SOURCE DATA -
--- --- ---

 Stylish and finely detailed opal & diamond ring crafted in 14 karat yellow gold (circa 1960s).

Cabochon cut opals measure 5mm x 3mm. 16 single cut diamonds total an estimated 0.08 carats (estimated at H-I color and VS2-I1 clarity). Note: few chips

--- --- ---

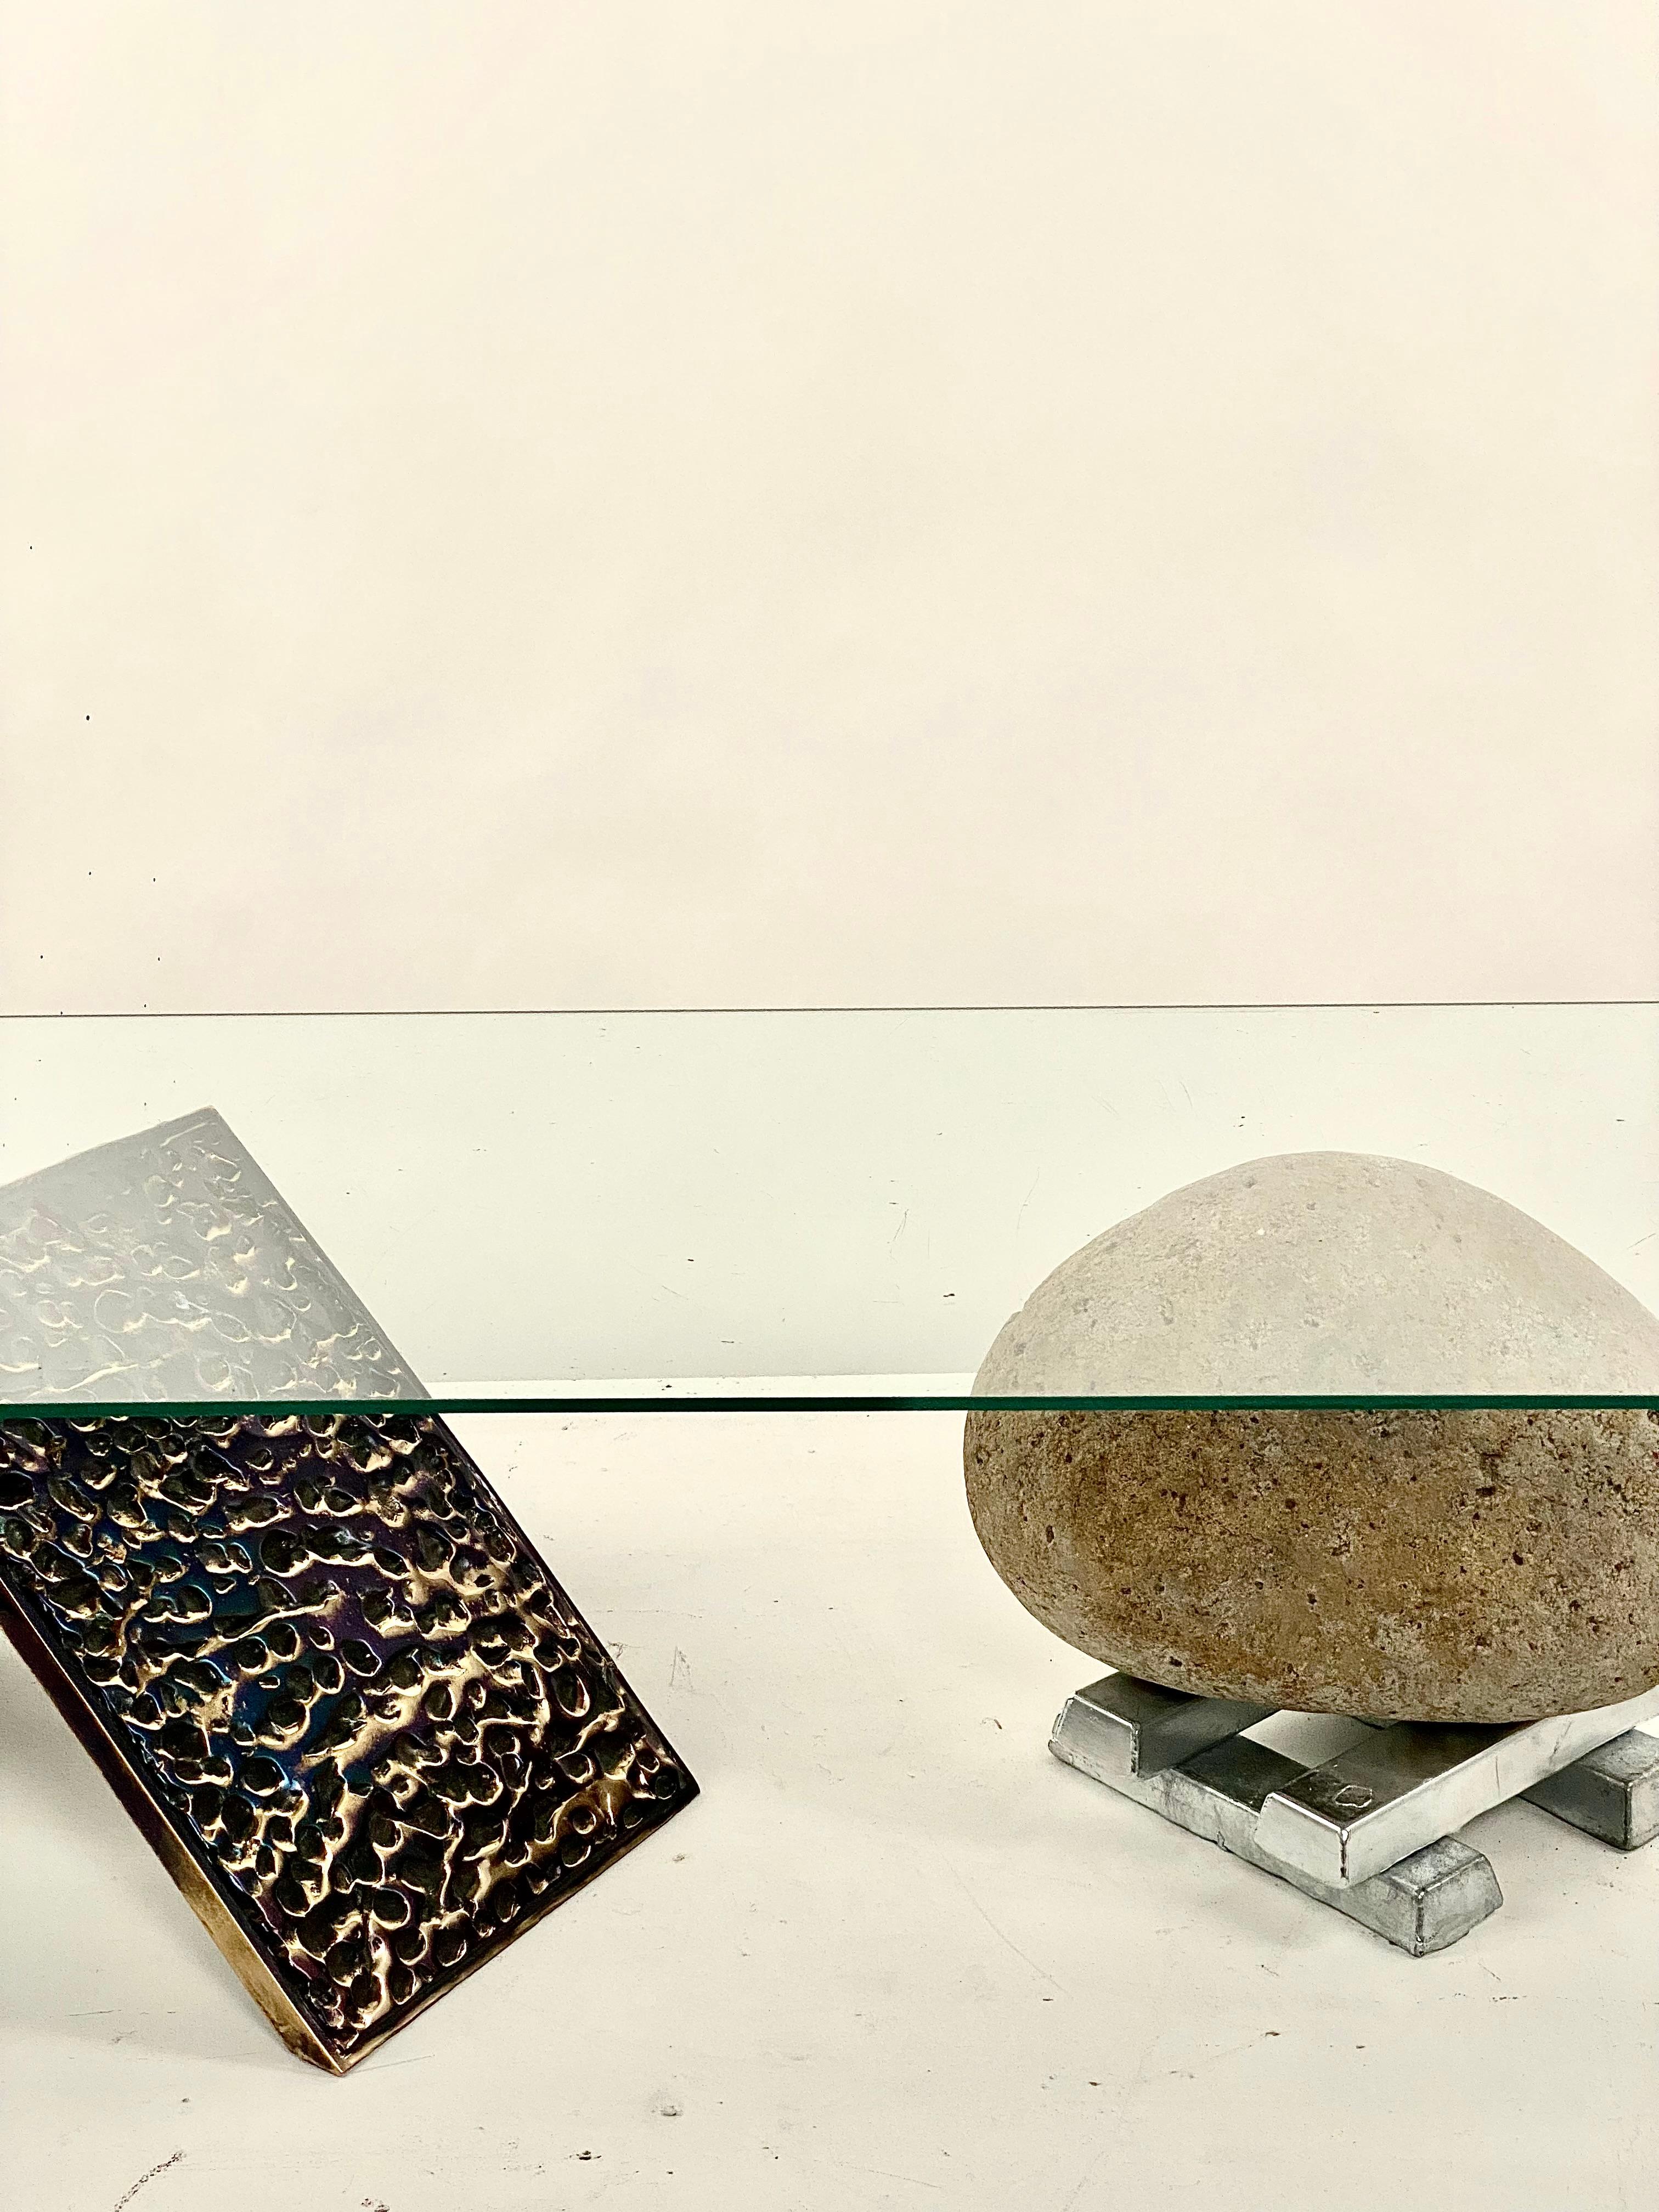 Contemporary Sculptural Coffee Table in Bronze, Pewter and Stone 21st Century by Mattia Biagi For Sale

--- --- ---

EXERCISE PROMPT -
Going back over the entries above, copy word for word every line from the one that has "Stylish and finely" on through the one that has "Cabochon cut opals".

PROBLEM SOLUTION -
 Stylish and finely detailed opal & diamond ring crafted in 14 karat yellow gold (circa 1960s).

Cabochon cut opals measure 5mm x 3mm. 16 single cut diamonds total an estimated 0.08 carats (estimated at H-I color and VS2-I1 clarity). Note: few chips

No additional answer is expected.